「夫子憮然曰、鳥獣不可與同羣。吾非斯人之徒與、而誰與。
「論語」微子、第十八、六

2012/10/31

TOEICを受験してみた

午前中はオフィスでお仕事。 昼食は近所のインド料理屋にて。 チェーン店なので敬遠していたのだが、 先日の「神田カレーグランプリ」で準グランプリだったそうだし、 神保町のサラリーマンとしてはおさえておかねば、と思い。 結果、私の好みからすると味は、可もなく不可もなく、の印象だったが、 値段が安いので悪くはないかな、と。

午後の途中からオフィスを抜け出して、本郷へ。 ファイナンス関係の国際ワークショップに参加。 サバティカルでオックスフォードにいた時に学友だった P 君が香港から来日しているので、 挨拶がてら。 プログラムの最後まで聴講。 レセプションに来ればいいのにと P 君は言っていたが、 流石にゲストでもホストでもない上に、アカデミックですらないので、 遠慮してまっすぐ帰宅。 代わりに明日、ランチかディナでもご一緒しようと約束しておく。

ところで、今日のように英語での講演を聴いていても、 日常的な会話をしていても、何となく分かっているような気がしていたし、 実際、自分で英語で論文も出版しているし、 英語で講演もしてきたし、 自分ではわりと英語ができる方だと思ってきた。 最近、そんな私に衝撃を与える事件があった。TOEIC を受験してみたのである。

動機は特になく、一つ試しに、くらいの気持ちで。 受験前に本屋で TOEIC の参考書をぺらぺらと見てみると、 問題はリスニングもリーディングも非常に易しく思えた。 いくら何でも八割(990 点満点なので 800 点くらい)とれないなんてありえない、 と思った。 実際、大学にいた時は、学生たちが就職活動のために受験した結果を聞いて、 自信ありげに 700 点だったとか言われると、「中学生じゃないんだから」 と心の中で思っていたくらいである。 学生時代に受験したと言う知り合い(英文科卒)にスコアを聞いてみたら、 彼女は 680 点だったそうだ。 正直に言おう、私はそれを聞いて失笑した。 そんな私が 9 月に自分も受験してみて、 一週間くらい前だろうか、その結果が返ってきた。 スコアは、その学生やその彼女と大差のない、「755 点」。 しかもリスニングなんて、平均点くらい。

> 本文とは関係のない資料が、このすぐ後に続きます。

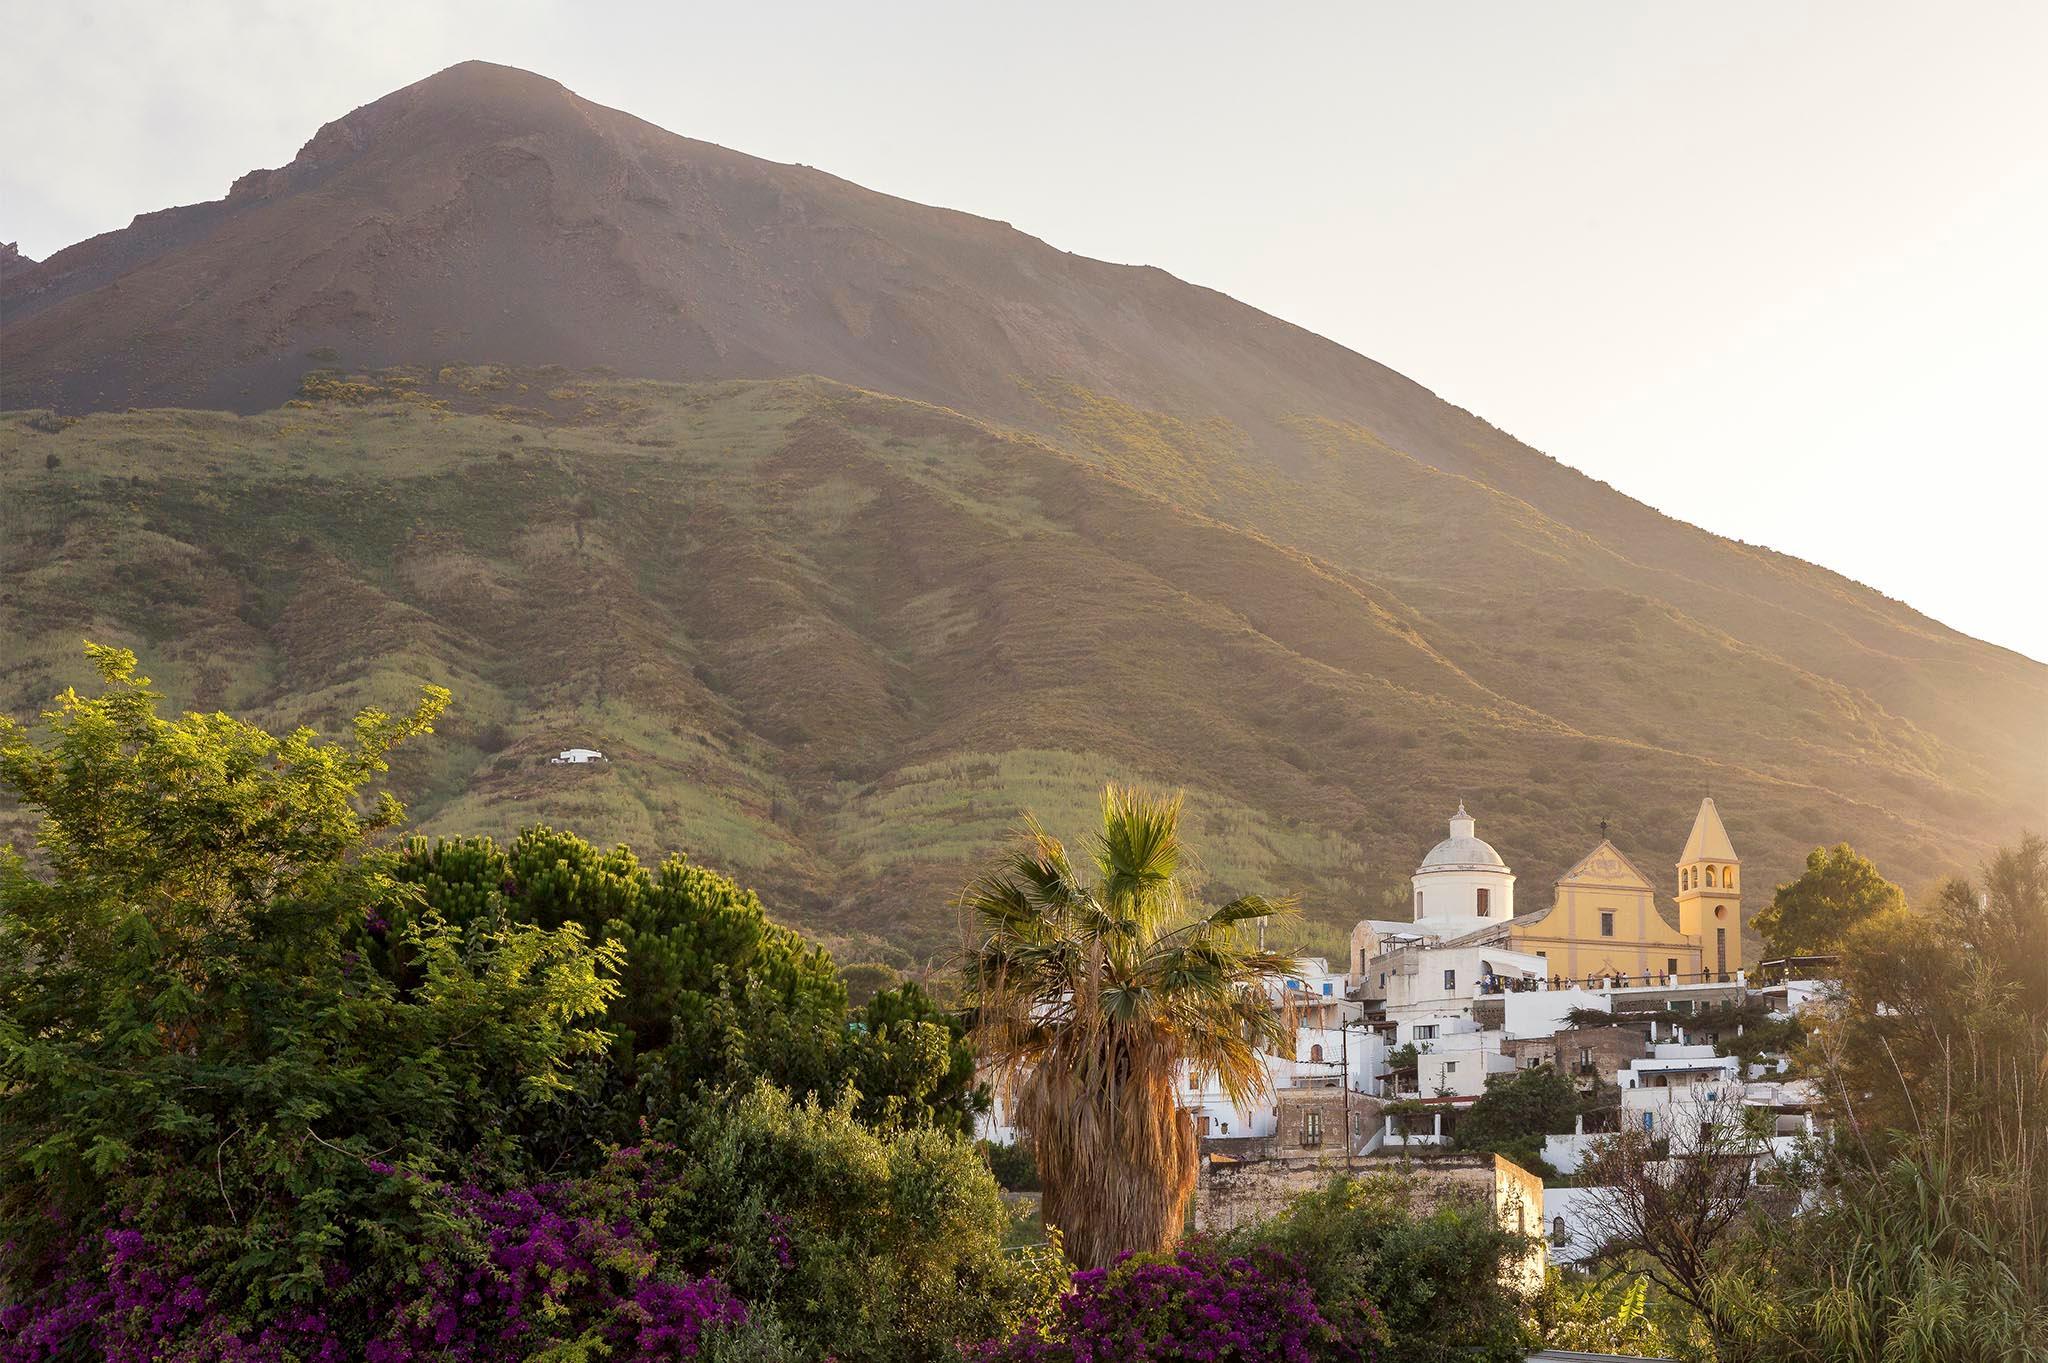 Ville in Sicilia Vendita, ville vista mare Sicilia | Sotheby's Realty - sothebys.photo 1

受験してみて分かったのだが、TOEIC は易しくない。 問題は易しいのだが、リーディングはやたらに問題が多いし、 リスニングはどうだったっけと考えている内に次の次の質問になっているし、 兎に角、反射神経と集中力の長時間の維持が重要で、何の対策もせずに八割とれたら、相当できる方だと思う。 それに、自分が思っているほど英語が聞き取れてもいなければ、 読めてもいなければ、理解してもいない、という哀しい事実が、受験すると分かる。 最近、楽天のような企業が TOEIC スコアを要求したり、 そういう「グローバル」な話題が出るたびに、 語学に長けた人は TOEIC を馬鹿にして、 「TOEIC なんて英語を使っちゃ駄目な人の足切りテスト」 とか、「サムスンの新入社員は 900 点以上」とか言うので、 こちらまでそんな気になってくる。 しかし、私が思うに、TOEIC はわりと難しいし、わりと良いメトリックだと思う。

私は 40 歳を過ぎたあたりから自分を直視できるようになってきて、 周りの人は皆、自分より頭が良く、賢く、有能だ、と思うくらいが丁度いいし、 事実それに近いのだ、と認識している。 それでも、正直な話、このスコアはショックだった。 まだまだ修行が足りないな、と思う初老の秋である。 こんなことにショックを受けているようでは、という意味で。